The Iraqi people and the Syrian people are fighting to defeat IS in their own countries. It is their fight, not U.S. soldiers. The politicians want us to believe it’s our fight, because they have something to gain—using military force to reshape the region in the interests of the U.S. capitalist class.
Those Shiite militias who issued the threat to the U.S. military are engaged in heavy fighting with IS in Iraq, but are now under orders to abandon any battle with IS if they observe any “American advisers” participating.
Al-Sadr has been rallying for unity among Shiites and Sunnis to organize against IS. There are many other militia groups in Iraq that are now actively fighting IS—or that have the potential to join the fight against IS—who would undoubtedly take the same course as the Mahdi Army, and turn to fighting the re-occupation by the foreign military that has so recently decimated their country and killed around one million people.
The blood-drenched criminal legacy of the U.S. war in Iraq is burned into the consciousness of the Iraqi people.
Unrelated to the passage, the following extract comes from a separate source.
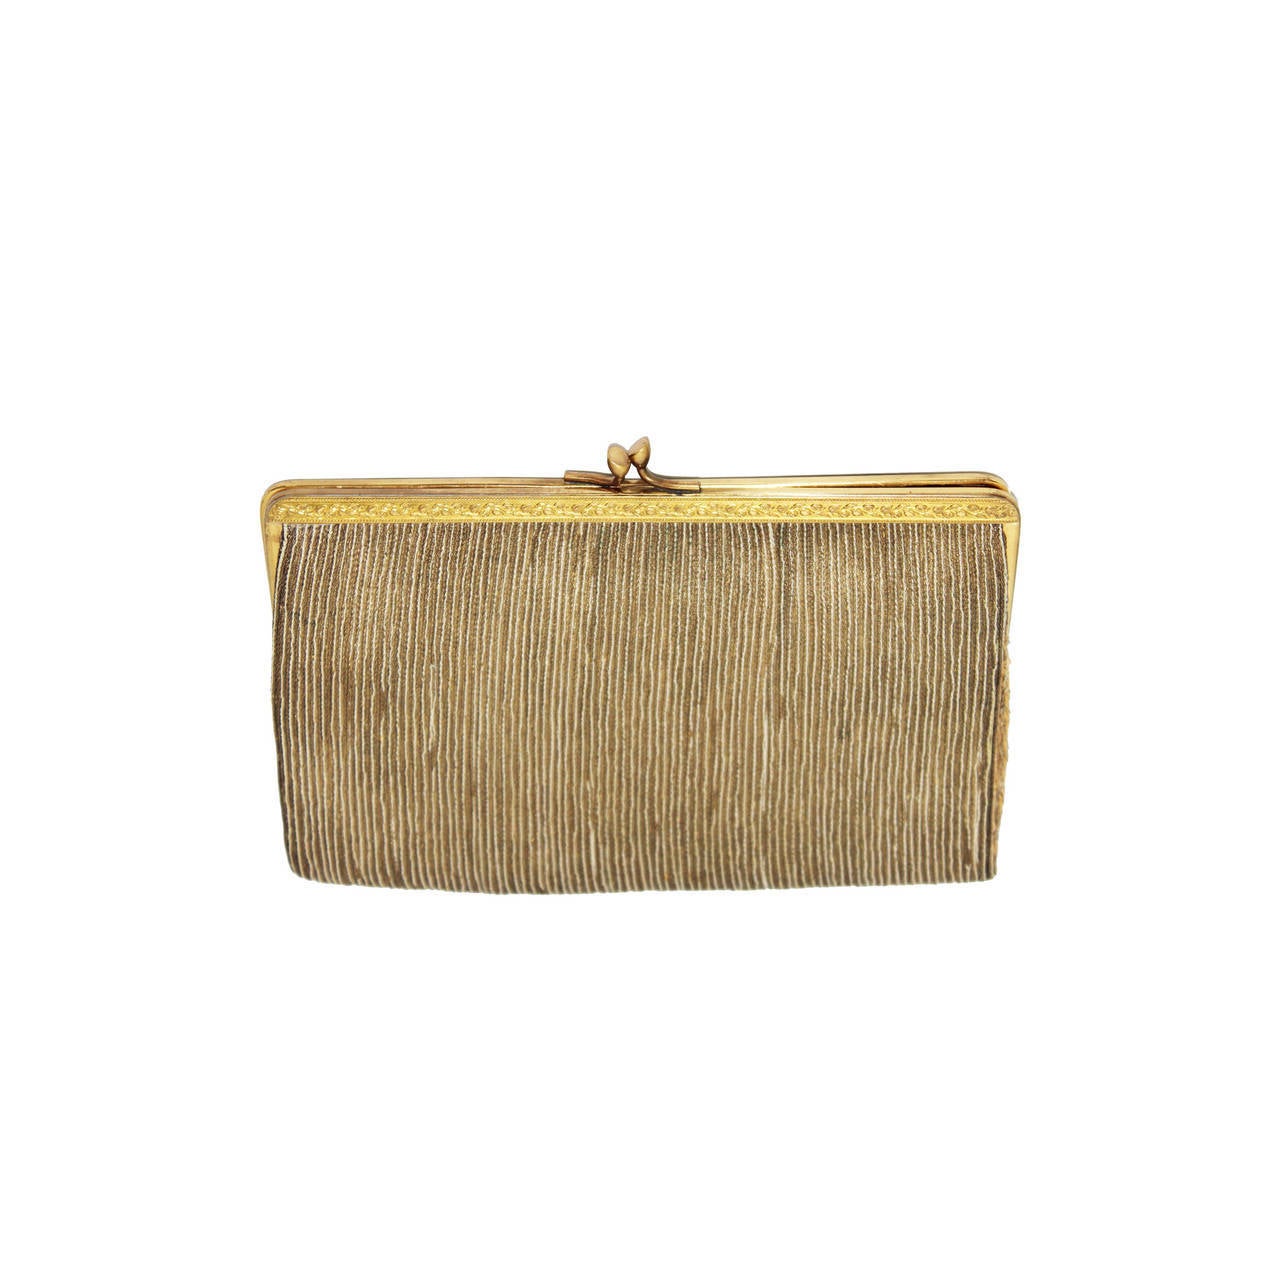 Exceptional Delvaux Glamour Clutch 1960 at 1stdibs

Many ordinary unaffiliated Iraqis, too, would likely join the fight against U.S. occupying troops, just as they did before.
The White House and Pentagon, with the help of the U.S. media, is using the horror over the beheadings of American and British civilians to whip-up fear; but it was they who threatened, multiple times, the families of the hostages with criminal persecution of “supporting terrorism” if they raised money to pay the ransom IS was demanding.
What soldiers can do
The politicians in Washington and the officers in the Pentagon have proven completely willing to make us the sacrificial lambs of their disastrous war strategies and hidden ulterior motives. The past 13 years they have treated our lives, both sending us to war and when we get home, with the most callous disregard.
A conclusion that so many of us who were sent to the Iraq war have come to is that if we could turn back the hands of time, we would have refused the orders to go.
U.S. troops today should take that lesson to heart. It is not worth being the cannon fodder in another arrogance-driven military adventure in the Middle East.
U.S. troops can take their lives into their own hands, instead of leaving them in the hands of dishonest rich men who have done nothing but fail us our entire lives.